### EXERCISE BRIEF
Output the listing exactly as written, apart from its pictures.

### GIVEN MATERIAL
******************************

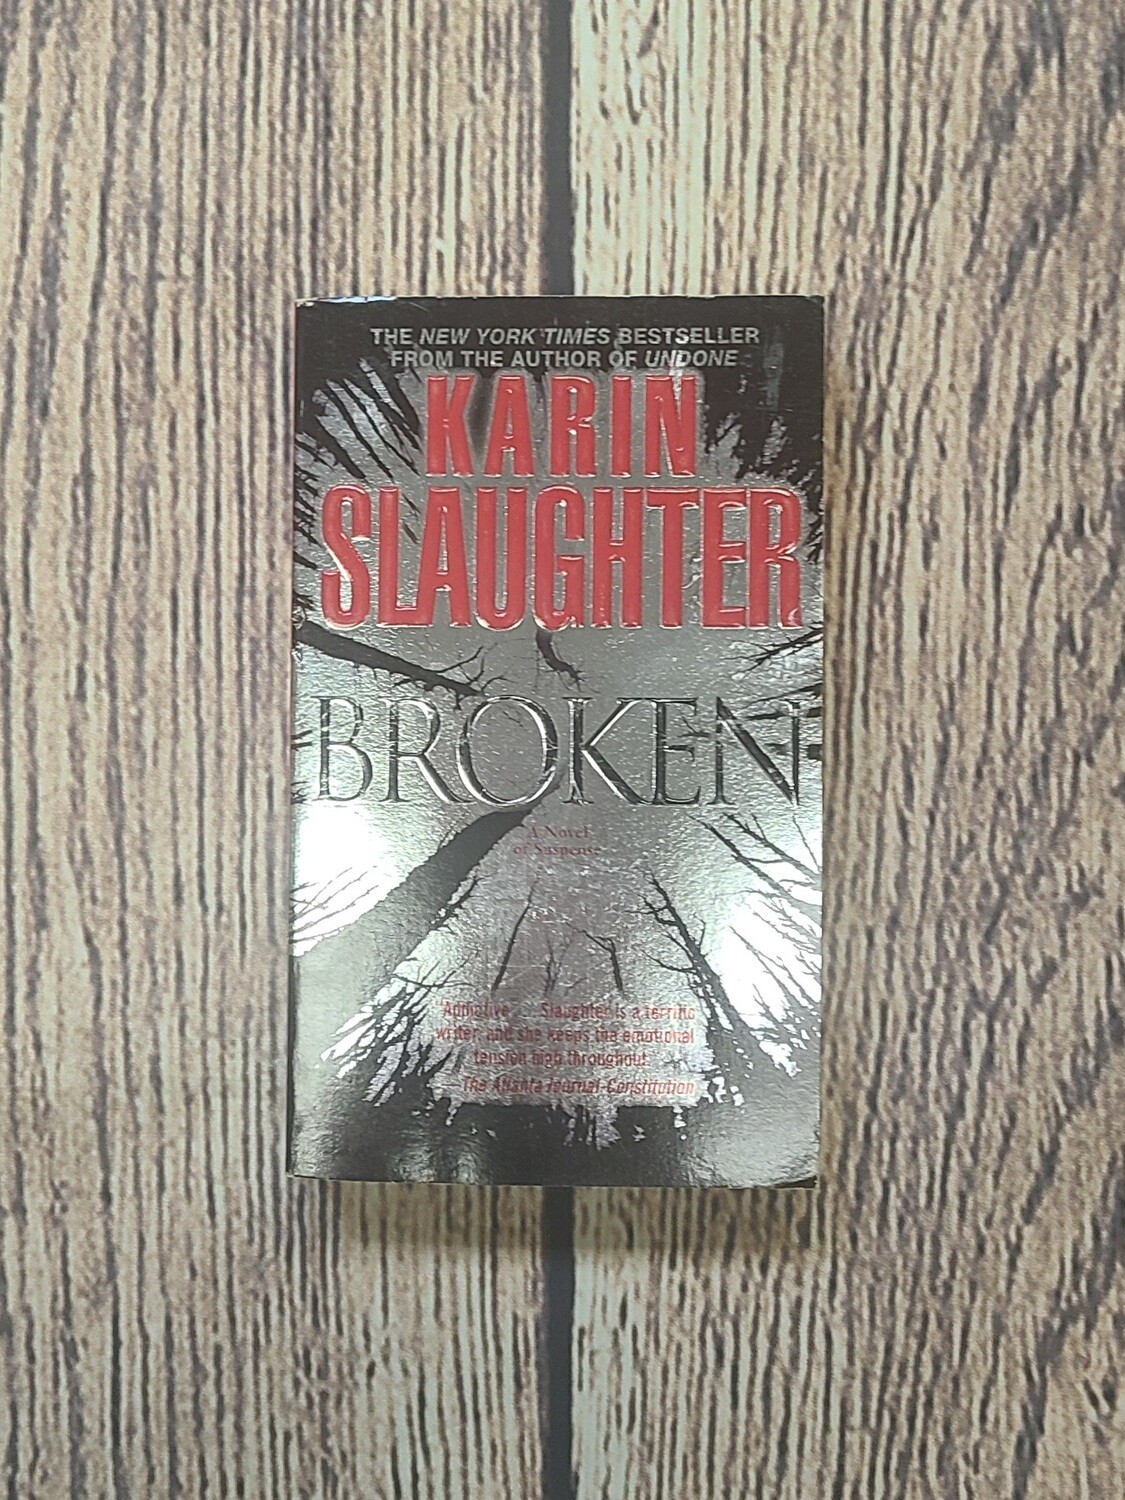 Broken by Karin Slaughter
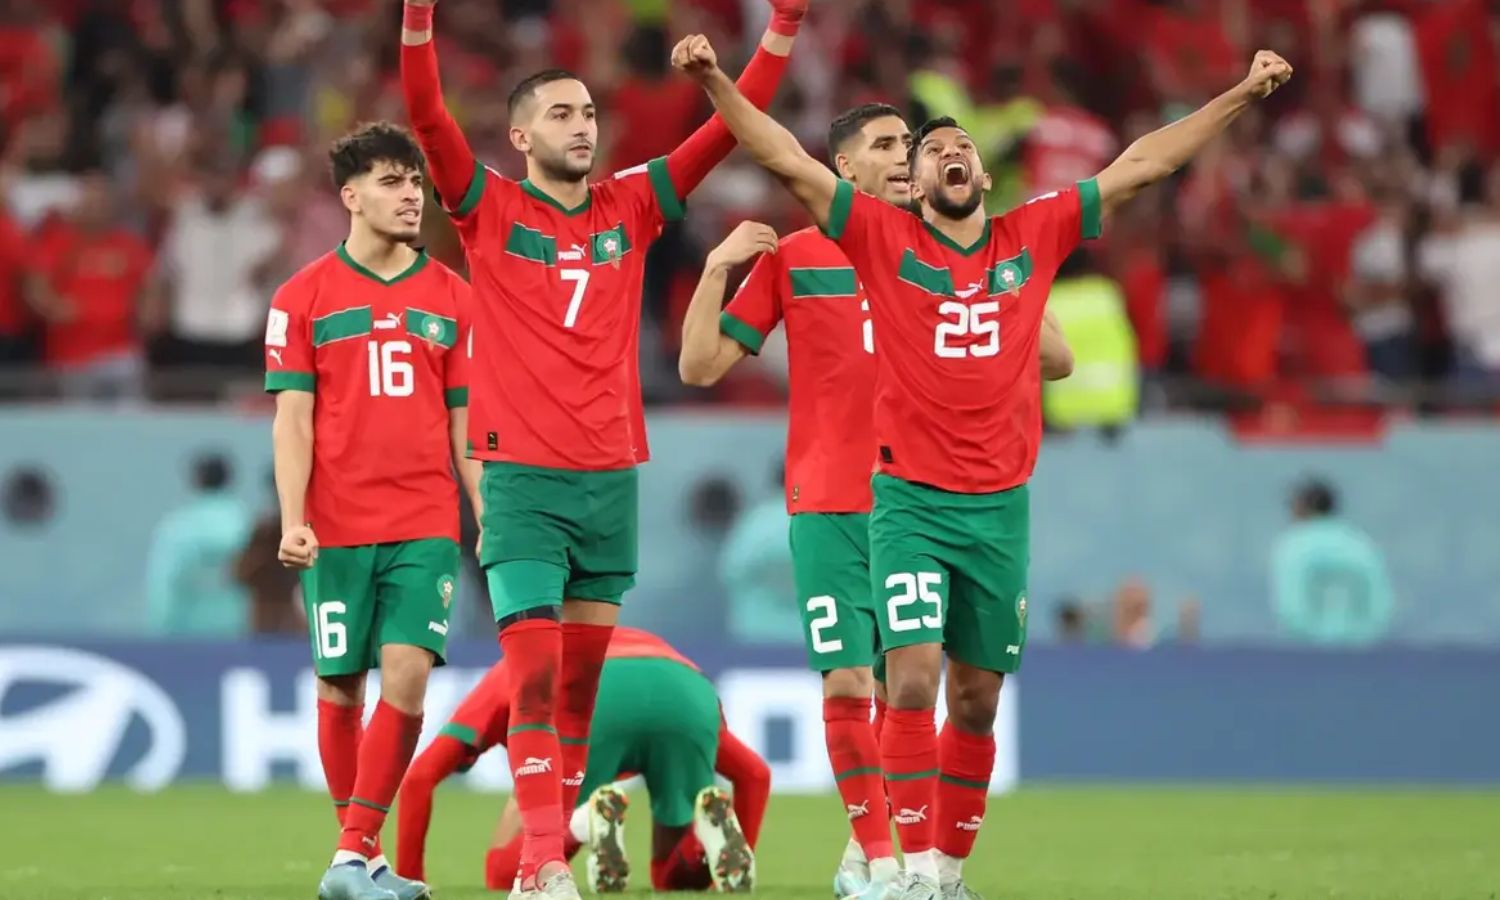 لاعبو المنتخب المغربي يحتفلون بتسجيل هدف الفوز على البرازيل في مباراة ودية في مدينة طنجة- 26 من آذار 2023 (Getty Images/ The ringer)
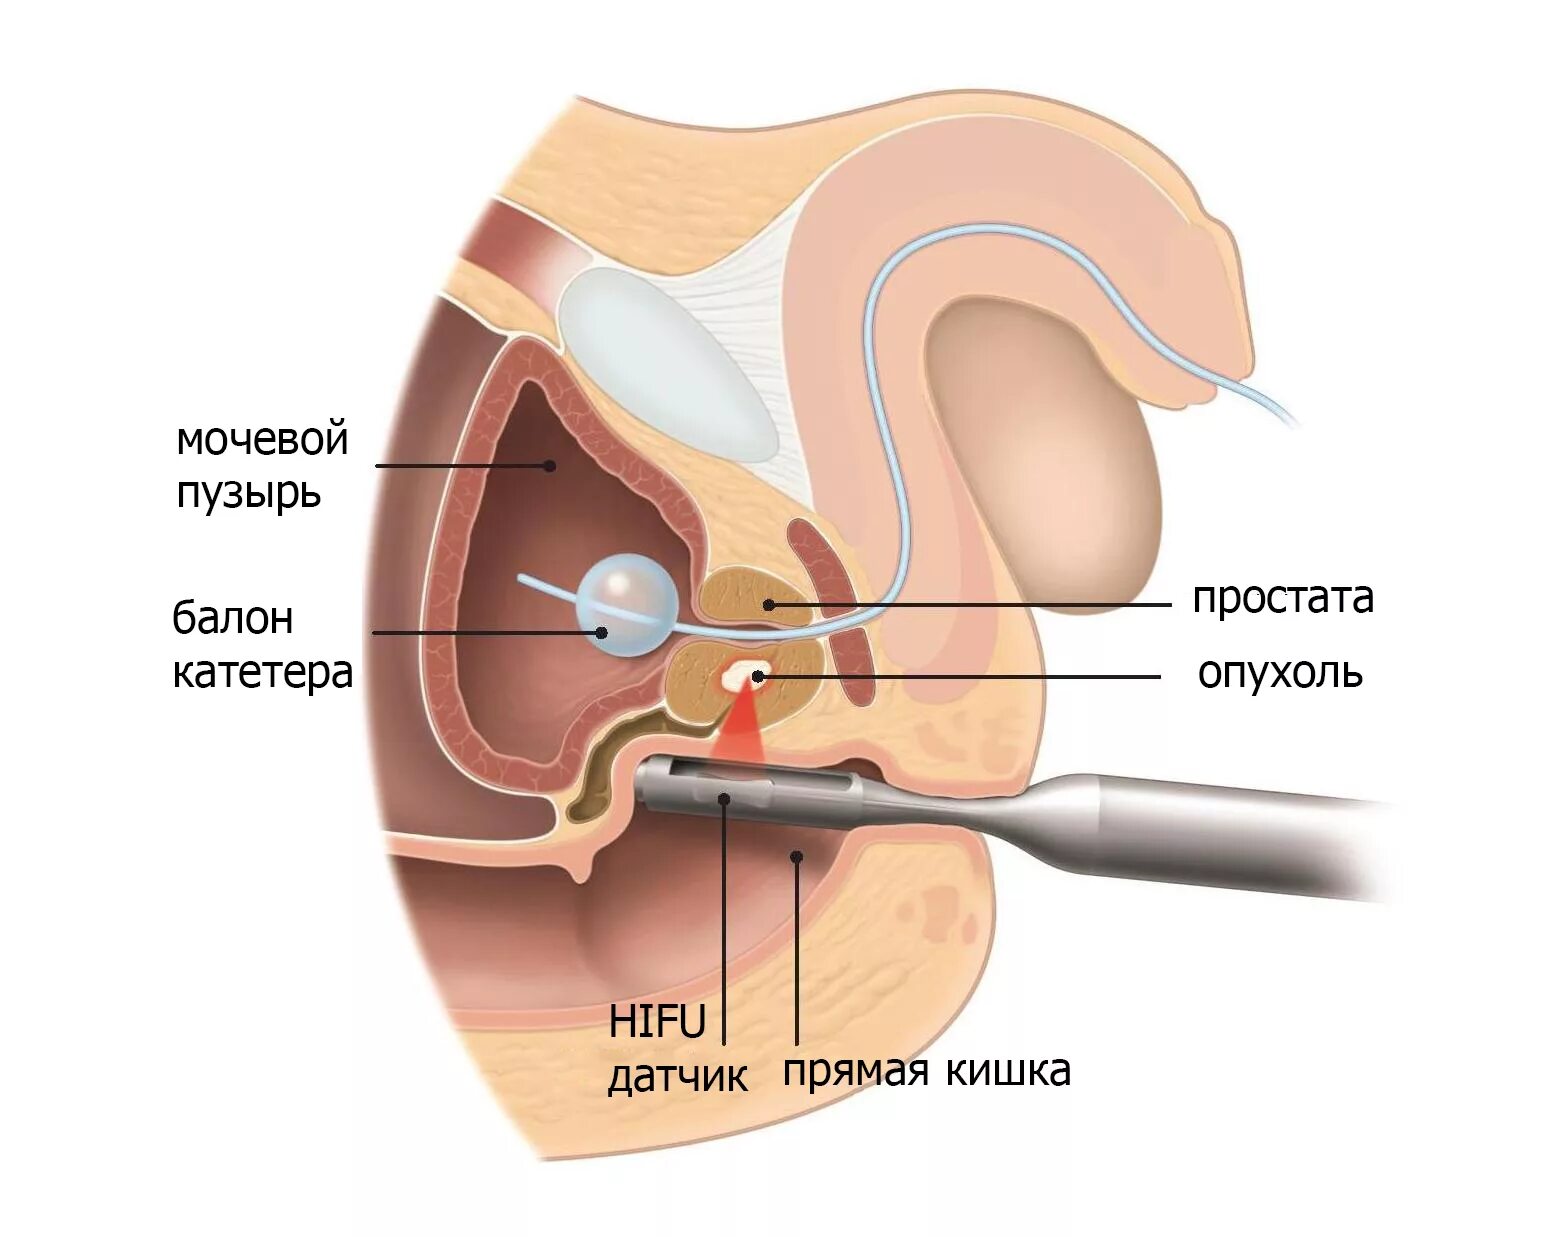 Простата урок. HIFU терапия предстательной железы. Ультразвуковая абляция предстательной железы. Предстательная железа расположение. Расположение предстательной железы в организме мужчины.

******************************

### EXERCISE RESULT
 Broken by Karin Slaughter
 لاعبو المنتخب المغربي يحتفلون بتسجيل هدف الفوز على البرازيل في مباراة ودية في مدينة طنجة- 26 من آذار 2023 (Getty Images/ The ringer)
 Простата урок. HIFU терапия предстательной железы. Ультразвуковая абляция предстательной железы. Предстательная железа расположение. Расположение предстательной железы в организме мужчины.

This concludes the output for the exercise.